ACTIVITY –
Without including any pictures, write out the listing below exactly.

SUPPLIED MATERIAL –

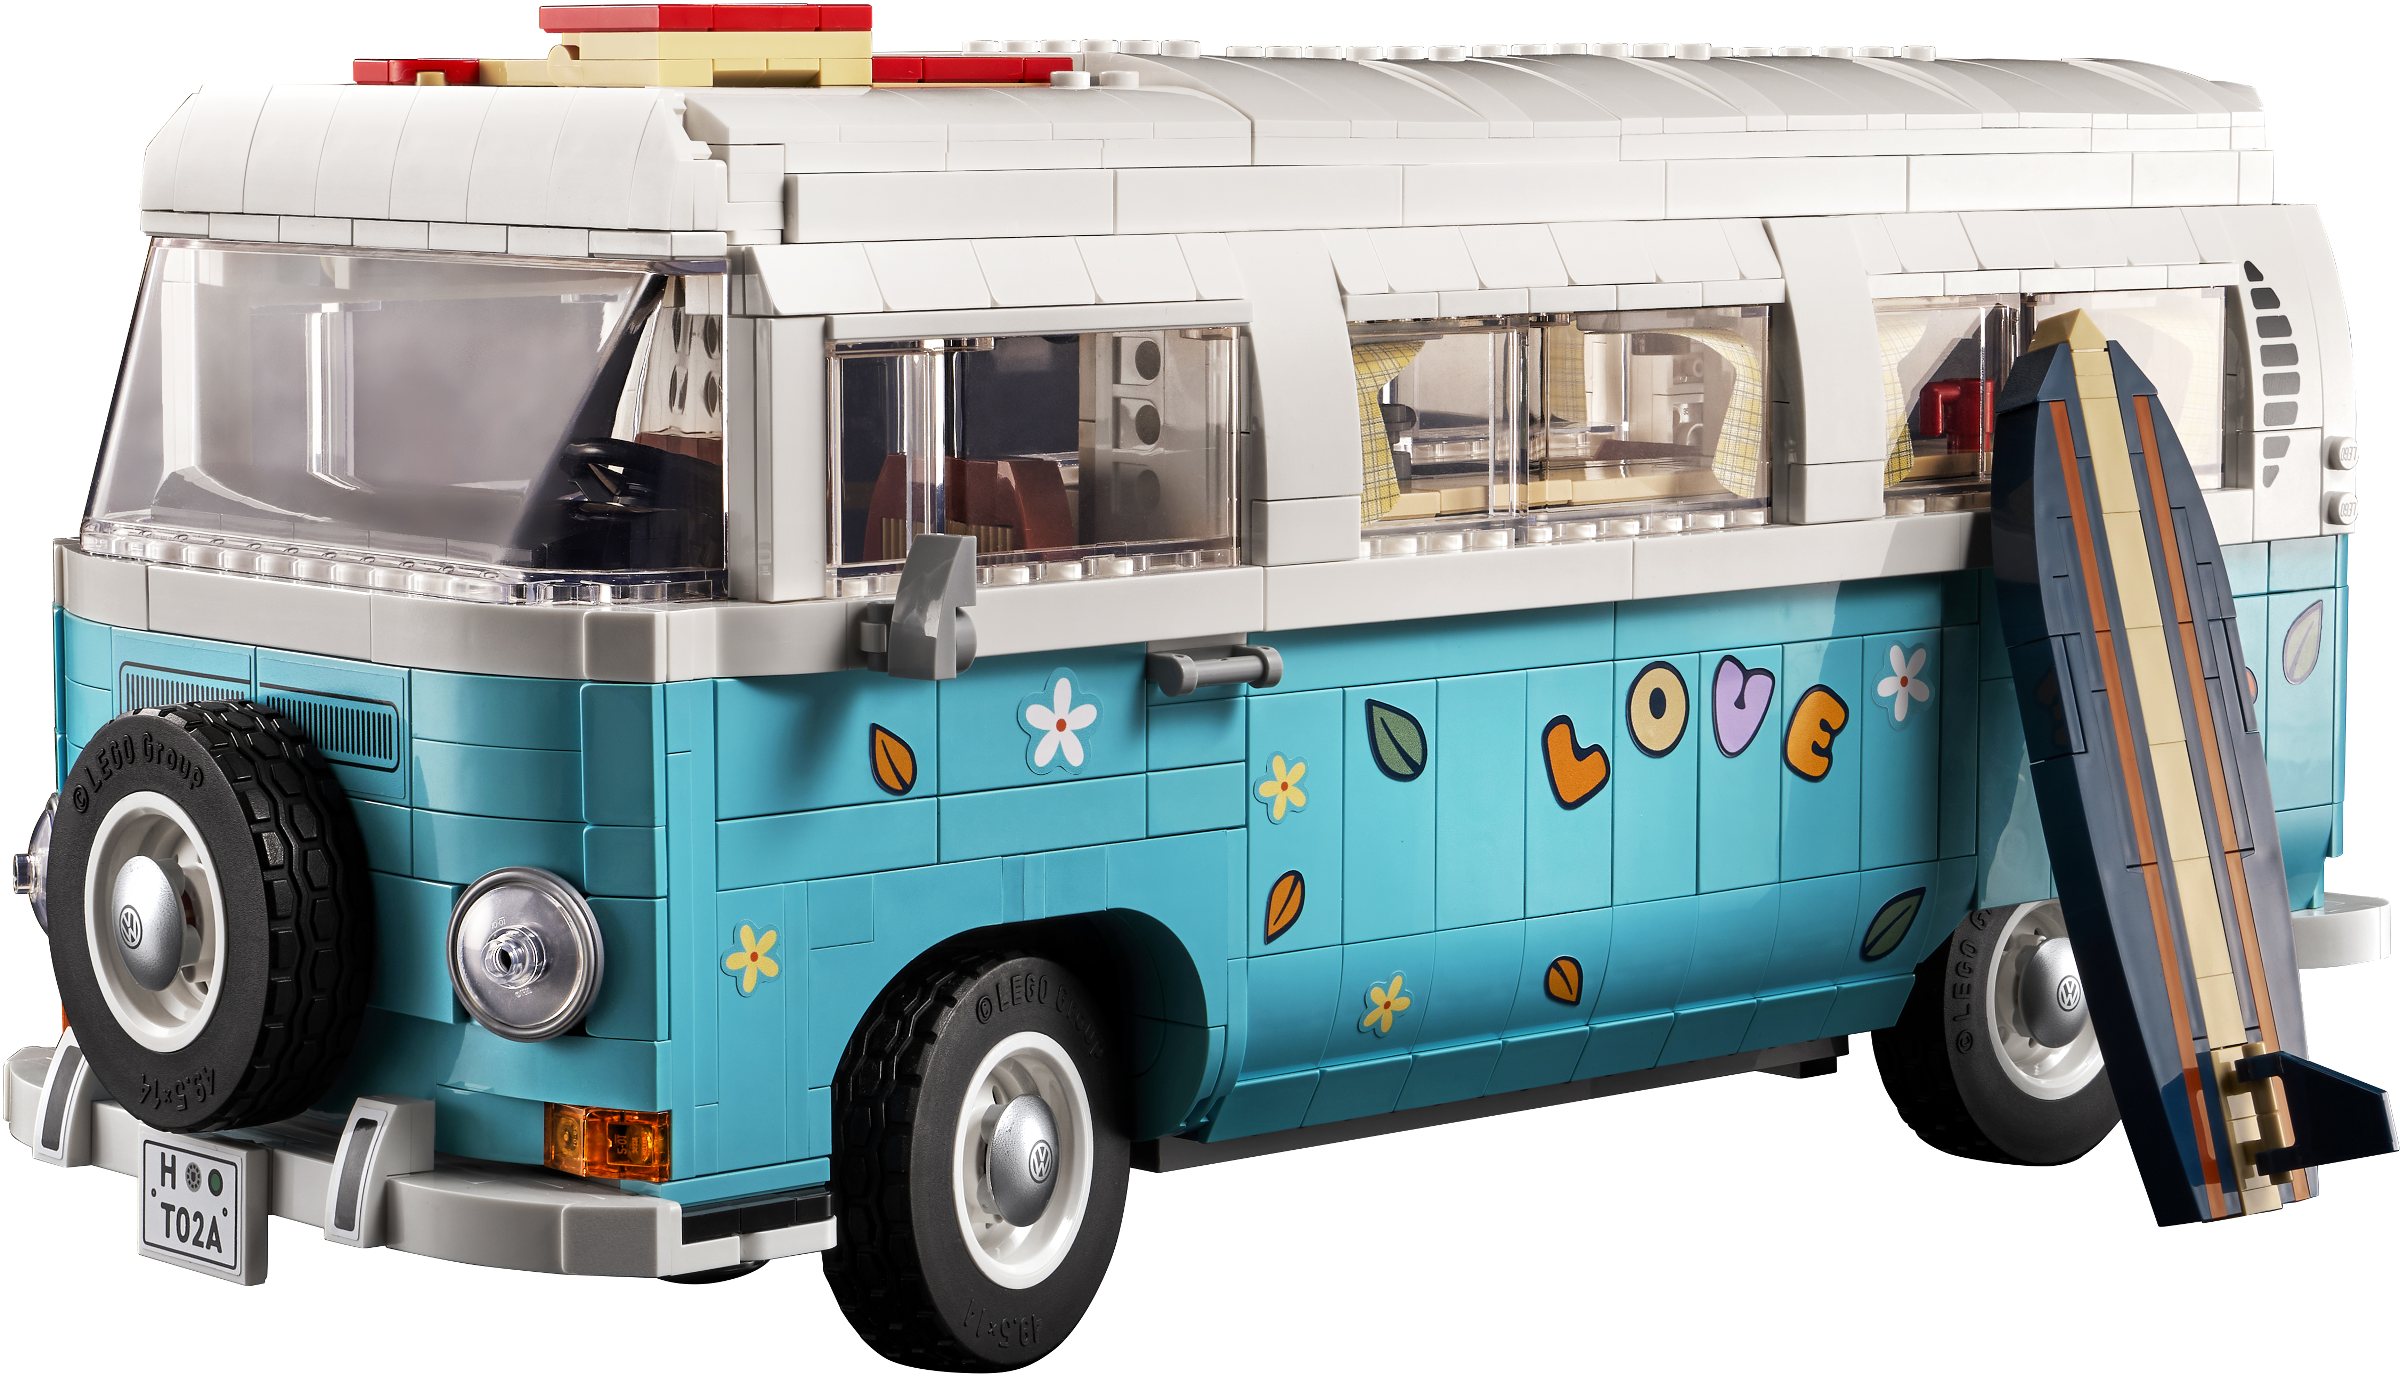 hypotheek Overweldigend Achtervoegsel Volkswagen T2 Camper Van revealed! | Brickset: LEGO set guide and database
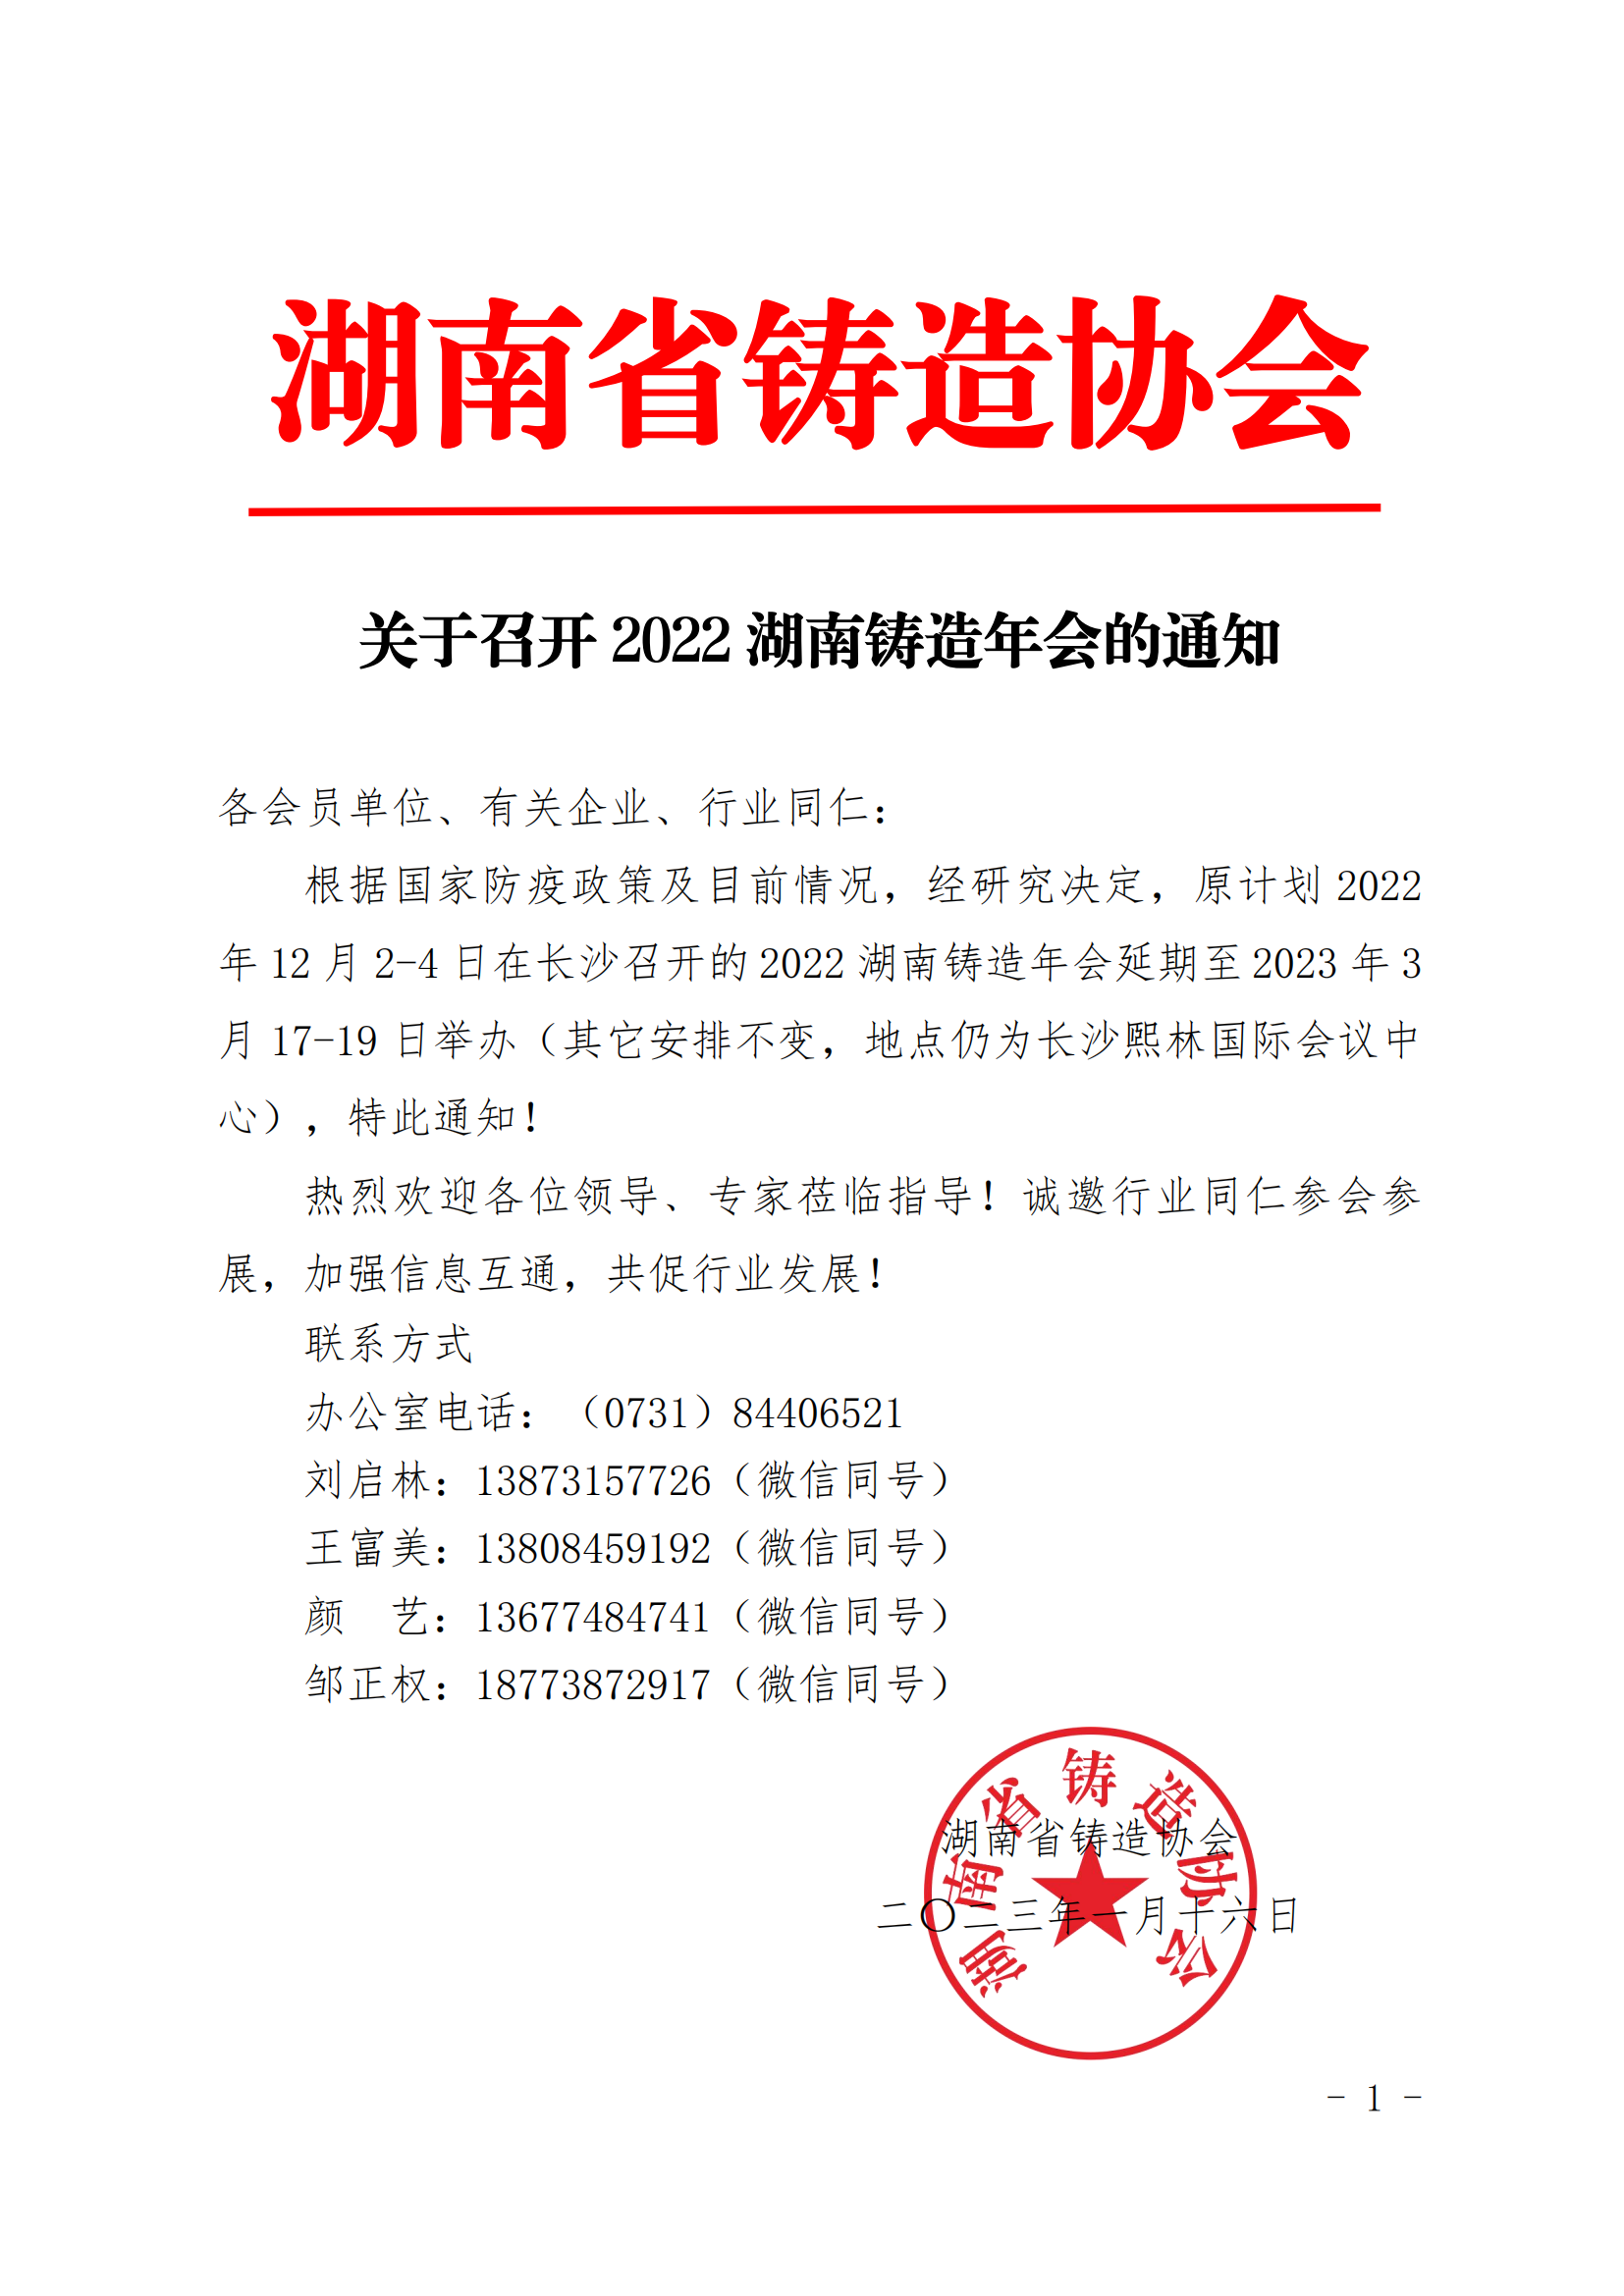 关于2022湖南铸造年会召开的通知(1)_00.png
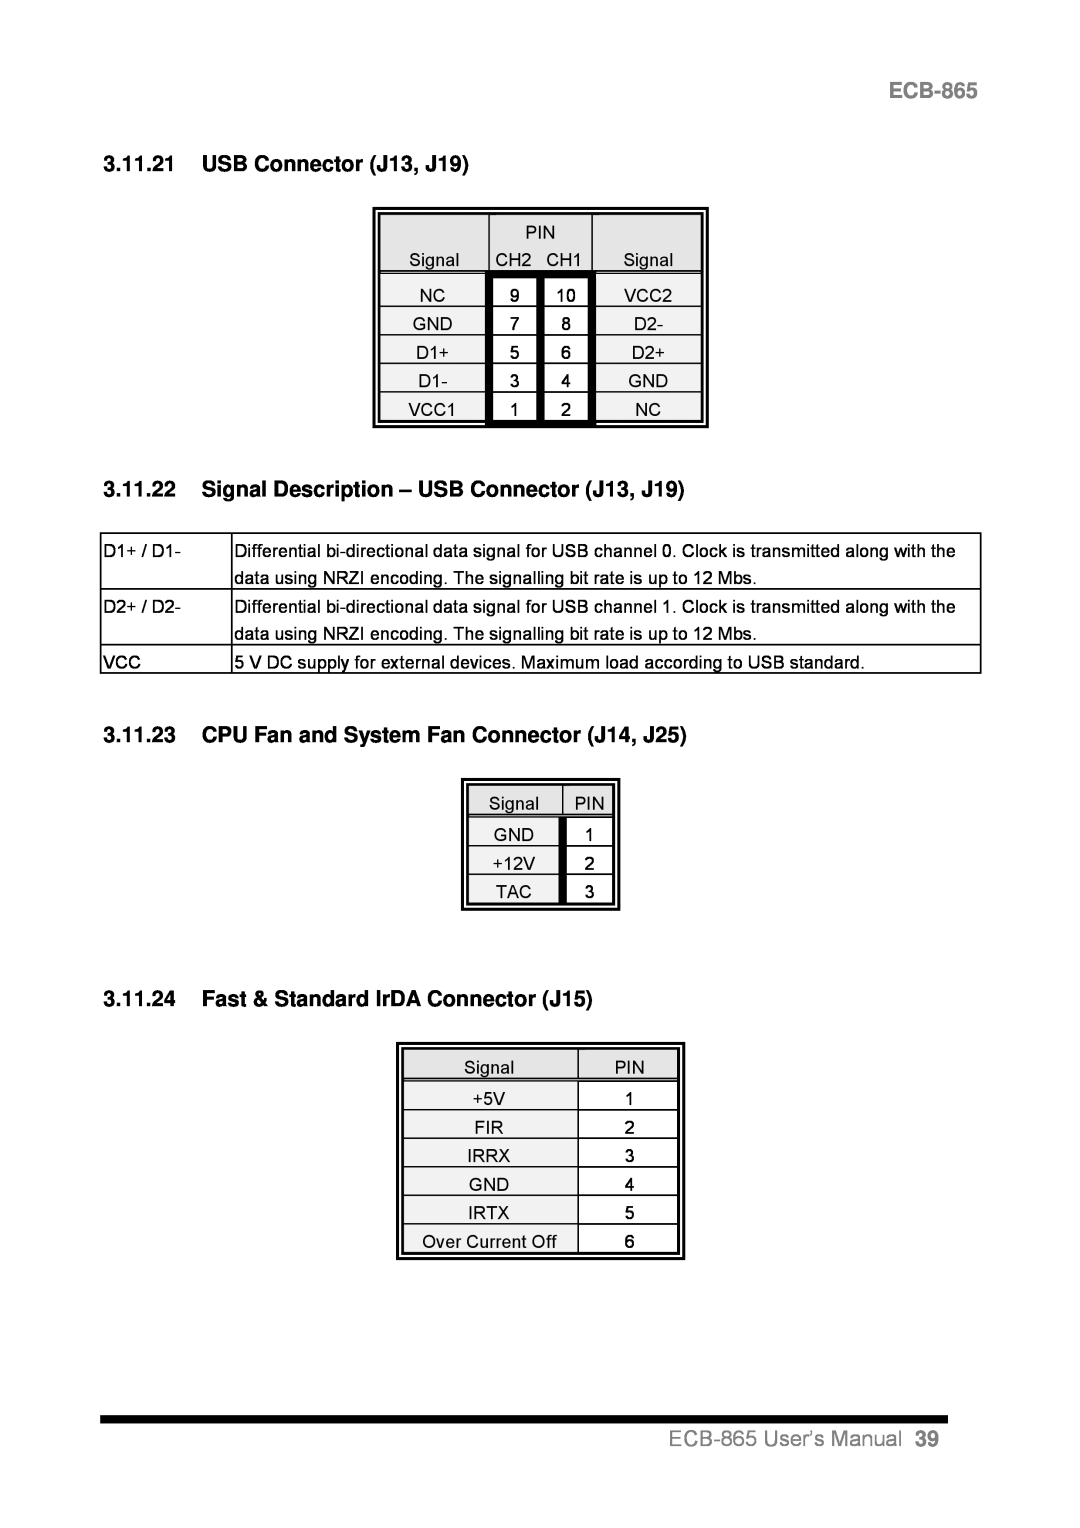 Intel user manual 3.11.21USB Connector J13, J19, 3.11.23CPU Fan and System Fan Connector J14, J25, ECB-865User’s Manual

EXERCISE RESULT –
 hypotheek Overweldigend Achtervoegsel Volkswagen T2 Camper Van revealed! | Brickset: LEGO set guide and database
 关于2022湖南铸造年会召开的通知(1)_00.png
 Intel user manual 3.11.21USB Connector J13, J19, 3.11.23CPU Fan and System Fan Connector J14, J25, ECB-865User’s Manual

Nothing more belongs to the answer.